If we have a bunch of token IDs and we want to convert this into text, we can simply look up each token ID in the list and return its associated text. LLMs do this to turn the embeddings (vectors of numbers that capture the meaning of tokens by looking at the surrounding tokens) they work with back into human-readable text.
Tokenization applications
Tokenization is always the first step in all NLP. Turning text into forms that ML models (and computers) can work with requires tokenization.
Tokenization in LLMs
Tokenization is usually the first and last part of every LLM call. The text is turned into tokens first, then the tokens are converted to embeddings to capture each token’s meaning and passed into the main parts of the model (the transformer blocks). After the transformer blocks run, the embeddings are converted back into tokens. Finally, the just-returned token is added to the input and passed back into the model, repeating the process again. LLMs use subword tokenization to balance performance and efficiency.
Tokenization in search engines
Search engines tokenize user queries to standardize them and to better understand user intent.
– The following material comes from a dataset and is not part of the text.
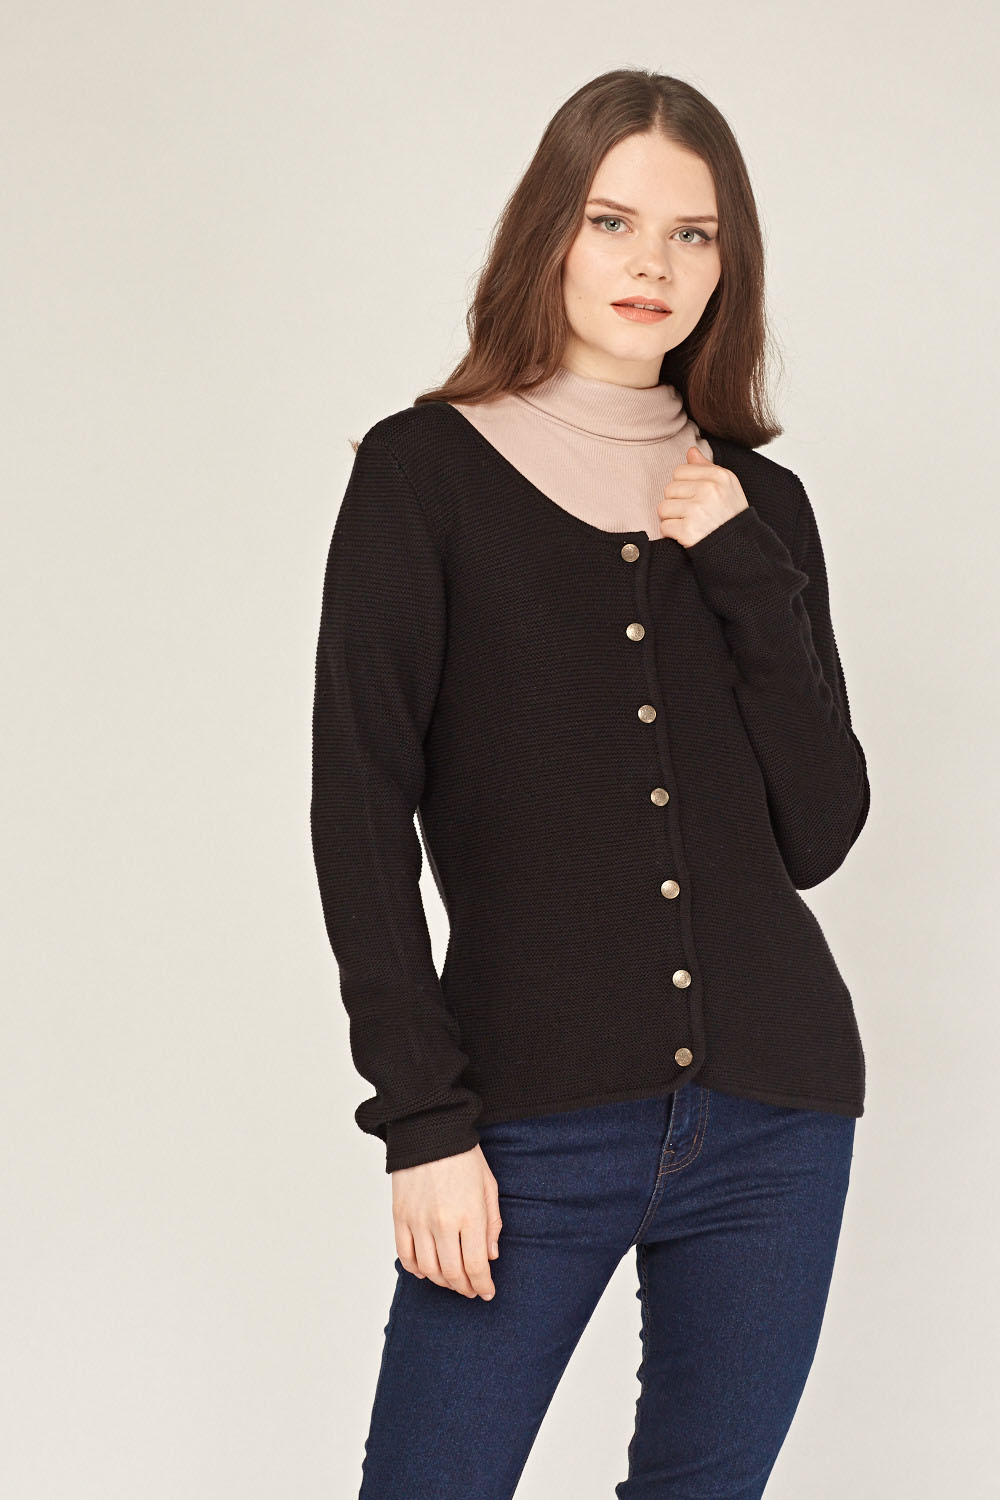 Crew Neck Button Up Cardigan - Just $3

Search engine tokenization might involve splitting text into words, removing filler words (such as “the” or “and”), turning uppercase into lowercase, and dealing with characters like hyphens. Subword tokenization usually isn’t necessary here since performance and efficiency are less dependent on vocabulary size.
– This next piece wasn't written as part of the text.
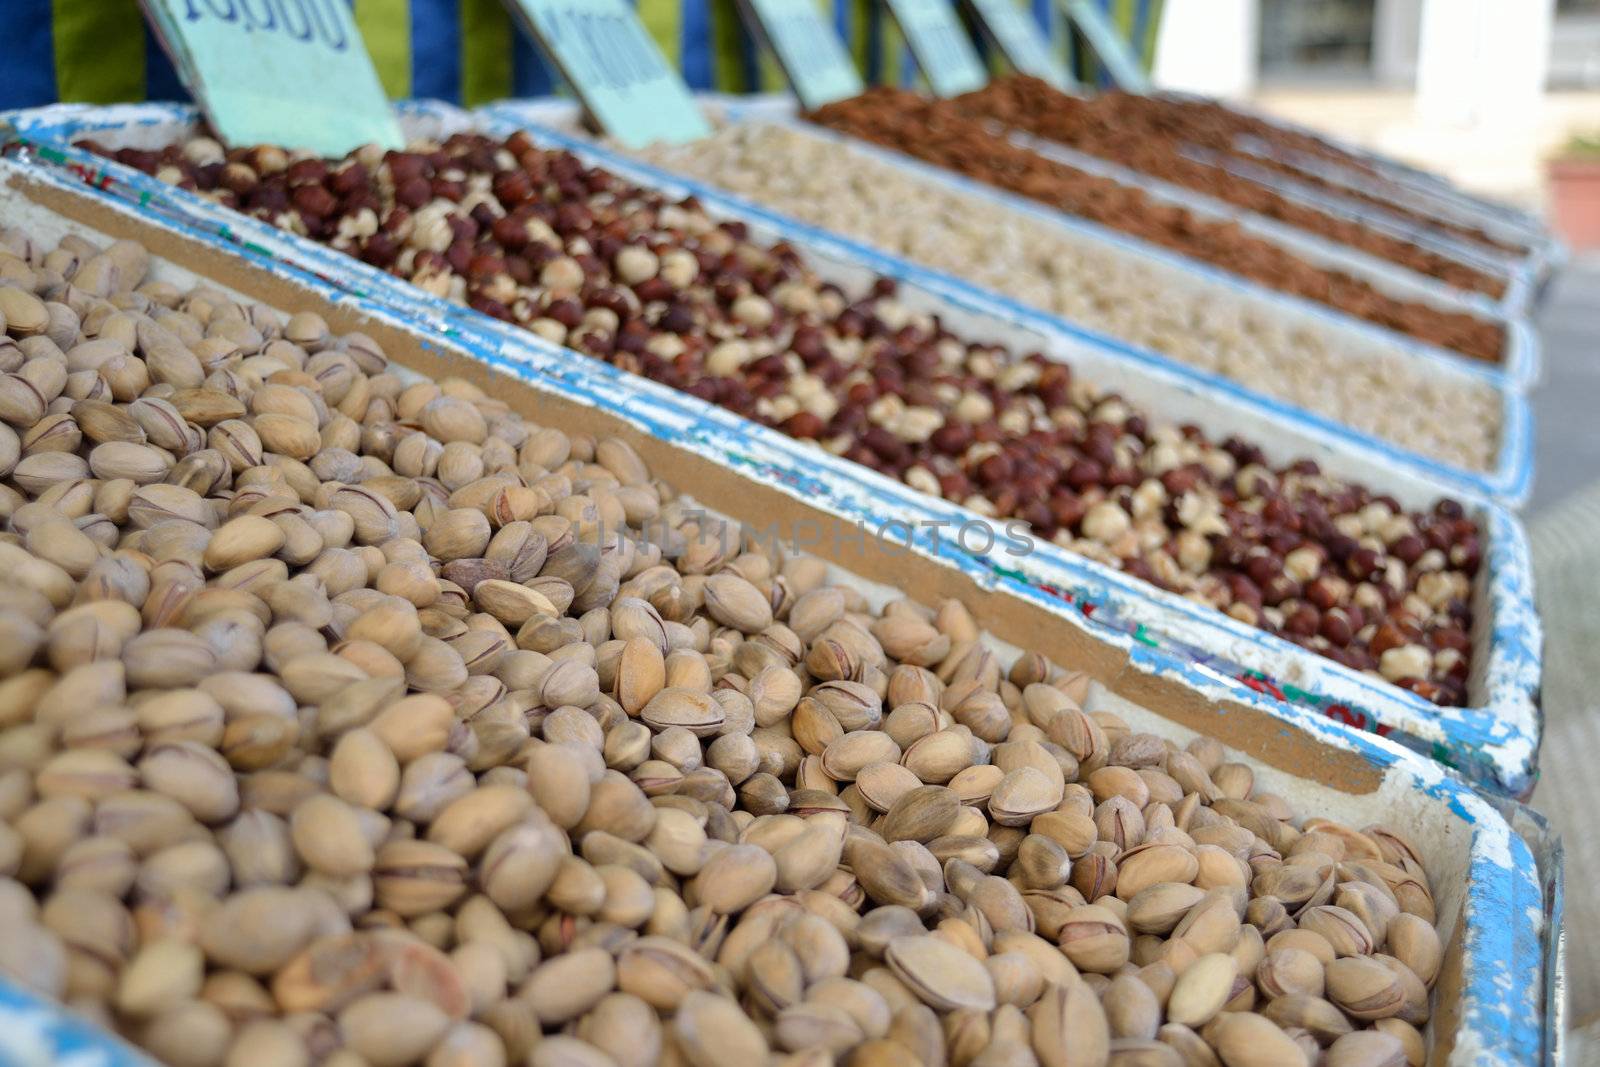 Pistachios and other nuts at tunisian market

Tokenization in machine translation
Machine translation tokenization is interesting since the input and output languages are different. As a result, there will be two tokenizers, one for each language. Subword tokenization usually works best since it balances the trade-off between model efficiency and model performance. But some languages, such as Chinese, don’t have a linguistic component smaller than a word. There, word tokenization is called for.
Benefits of tokenization
Tokenization is a must-have for any NLP model. Good tokenization lets ML models work efficiently with text and handle new words well.
Tokenization lets models work with text
Internally, ML models only work with numbers. The algorithm behind ML models relies entirely on computation, which itself requires numbers to compute. So, text must be turned into numbers before ML models can work with them. After tokenization, techniques like attention or embedding can be run on the numbers.
Tokenization generalizes to new and rare text
Or more accurately, good tokenization generalizes to new and rare text. With subword and character tokenization, new texts can be decomposed into sequences of existing tokens. So, pasting an article with gibberish words into ChatGPT won’t cause it to break (though it may not give a very coherent response either). Good generalization also allows models to learn relationships among rare words, based on the relationships in the subtokens.
Challenges of tokenization
Tokenization depends on the training corpus and the algorithm, so results can vary. This can affect LLMs’ reasoning abilities and their input and output length.
Tokenization affects reasoning abilities of LLMs
An easy problem that often stumps LLMs is counting the occurrences of the letter “r” in the word “strawberry.” The model would incorrectly say there were two, though the answer is really three. This error may partially have been because of tokenization. The subword tokenizer split “strawberry” into “st,” “raw,” and “berry.” So, the model may not have been able to connect the one “r” in the middle token to the two “r”s in the last token. The tokenization algorithm chosen directly affects how words get tokenized and how each token relates to the others.
Tokenization affects LLM input and output length
LLMs are mostly built on the transformer architecture, which relies on the attention mechanism to contextualize each token. However, as the number of tokens increases, the time needed for attention goes up quadratically. So, a text with four tokens will take 16 units of time but a text with eight tokens will take 64 units of time. This confines LLMs to input and output limits of a few hundred thousand tokens. With smaller tokens, this can really limit the amount of text you can feed into the model, reducing the number of tasks you can use it for.